Share

BAB 05

     "Kemana kamu, Mario. Ayo angkat. Tolonglah,” gusar Malika tak sabar.

     Sudah tiga hari ini ia terus menghubungi nomor adiknya, tapi tidak juga diangkat. Hanya terdengar suara operator nomor berada di luar area. Chat yang dikirim sejak tiga hari lalu belum juga dibaca. Bahkan masih centang satu. 

     “Apa Mario ganti nomor ya? Kalau bener, kenapa nggak mau ngirim nomor barunya sama aku,” keluh Malika sambil mondar-mandir di depan televise dengan hati mendongkol.

     "Anak muda nggak ada aklaq. Bikin orang tua sewot aja."

      Mendadak langkah Malika terhenti, tiba-tiba terselip rasa khawatir. "Jangan-jangan Mario kenapa-kenapa. Nggak biasanya ia seperti ini. Selama ini ia selalu nurut sama aku. Selalu gercep jika kumintai pertolongan."

     Malika kembali mondar-mandir. Tanpa sadar jemarinya meremas-remas ujung handuk yang tersampir di lehernya. Takut terjadi apa-apa dengan adiknya.

    "Ya Allah, lindungilah dimanapun Mario berada. Juga diri kami semua. Kami hanya melakoni apa yang telah menjadi ketetapanmu. Jalan yang telah engkau gariskan. Saya hanya minta kesabaran dan kekuatan iman untuk menjalaninya."

    Malika mengakhiri keluh kesahnya dengan doa "Laa haula walaaquwwata illaa billah... Tiada daya dan kekuatan selain dari Allah. Aamiin."

    Malika menghembuskan nafas panjang.

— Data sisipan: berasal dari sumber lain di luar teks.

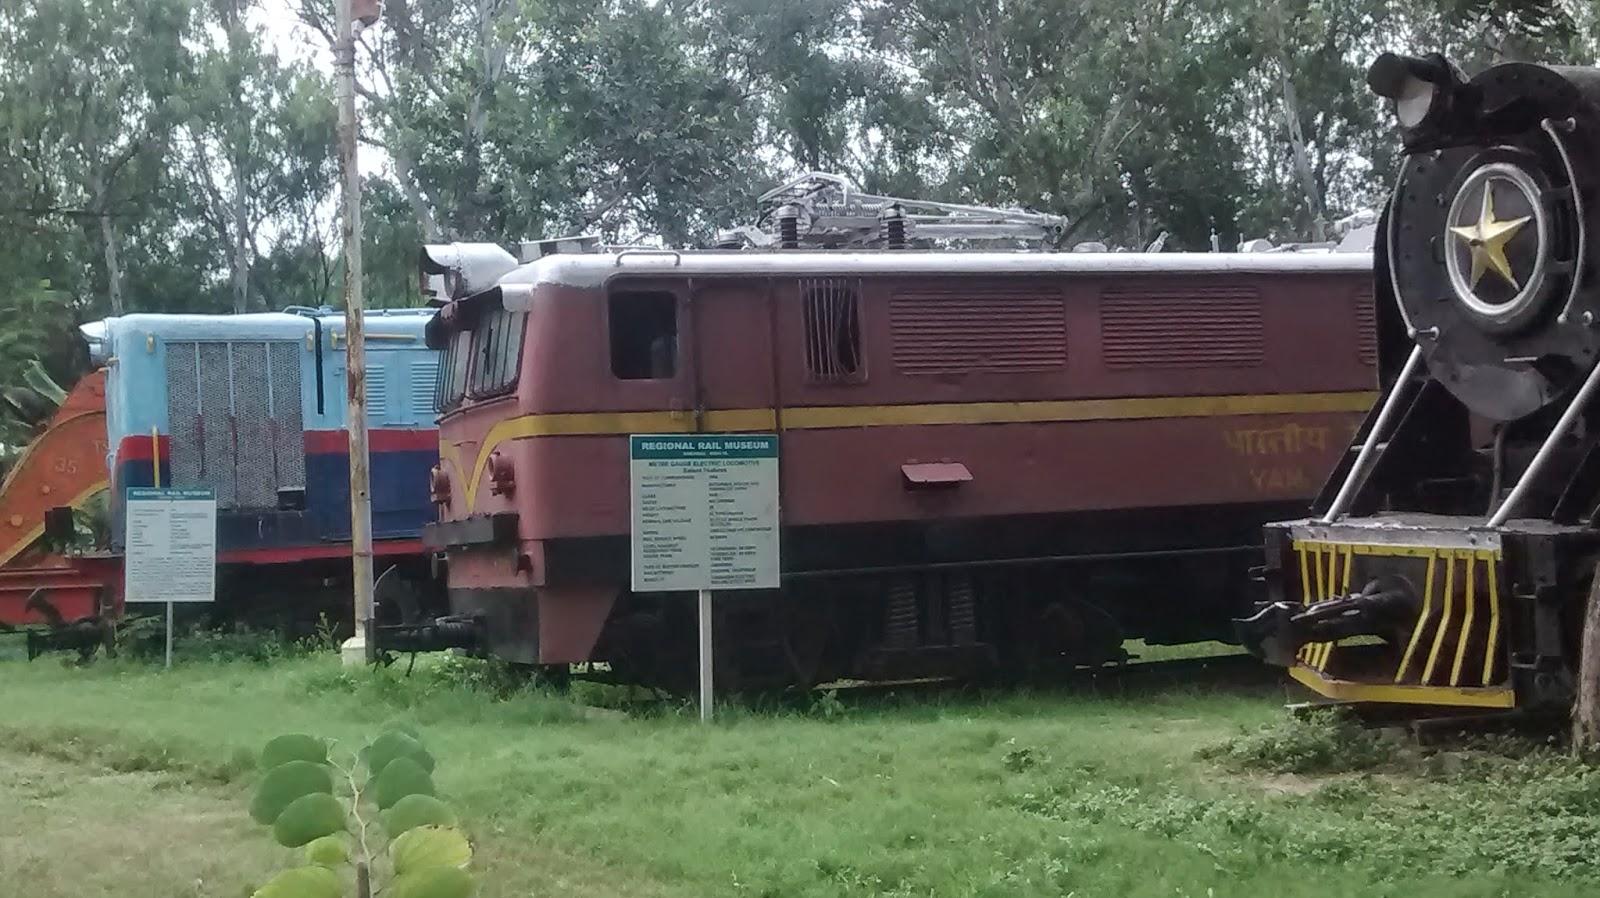 regional railway museum icf chennai train museum photos

Perasaannya berangsur tenang. "Kalo gitu aku mandi dulu aja. Nurunin hawa panas di kepala," Malika menaruh ponselnya di atas meja, lantas bergegas ke kamar mandi. 

     Di daerah berhawa dingin ini Malika memilih mandi tengah hari. Jam 11 siang atau satu jam sebelum tiba waktu dhuhur. Sekalian wudhu untuk melaksanakan salat Dhuha, dilanjut dengan salat Dhuhur.

    Meskipun shower listrik untuk menghangatkan air, Malika lebih memilih mandi dengan air dingin. Disamping lebih segar, air dingin juga baik untuk kesehatan.

    Baru saja Malika menuang sampo pada kepalanya, terdengar bunyi ring tone lagu Dahlia Hitam dari ponselnya. “Pasti Mario. Sabaarr. Sabaaarrr…!”

    Gebyur. Gebyur. Malika mengguyur tubuhnya dengan tergesa. Tidak perlu terlalu bersih. Handuk dililitkan ala kadar ke tubuhnya, kemudian melesat keluar kamar mandi. 

    Malika langsung menyambar ponsel dan melihat history panggilan. Seketika binar mata Malika meredup. Ah, bukan Mario. “Nomor baru. Siapa yaa?”

    Daripada penasaran, Malika langsung menelpon balik nomor tersebut. Meski sudah tiga kali dipanggil, tapi belum tersambung juga.

    Sebelum menaruh kembali ponselnya ke meja lagi, Malika melihat ke profil Mario. Tetap seperti tadi. Chatnya yang dikirim masih centang satu. 

    Dengan menahan kecewa Malika masuk kamar. Tiba di kamar, Malika tidak segera mengambil baju ganti. Ia justru berdiri di depan cermin, mematut tubuhnya. Hal yang jarang dilakukan. Rambutnya yang basah meneteskan air ke lantai. 

     Sesekali Malika berputar melihat bodi bagian samping dan belakang sembari mengeringkan rambut sebahunya dengan handuk yang lebih kecil.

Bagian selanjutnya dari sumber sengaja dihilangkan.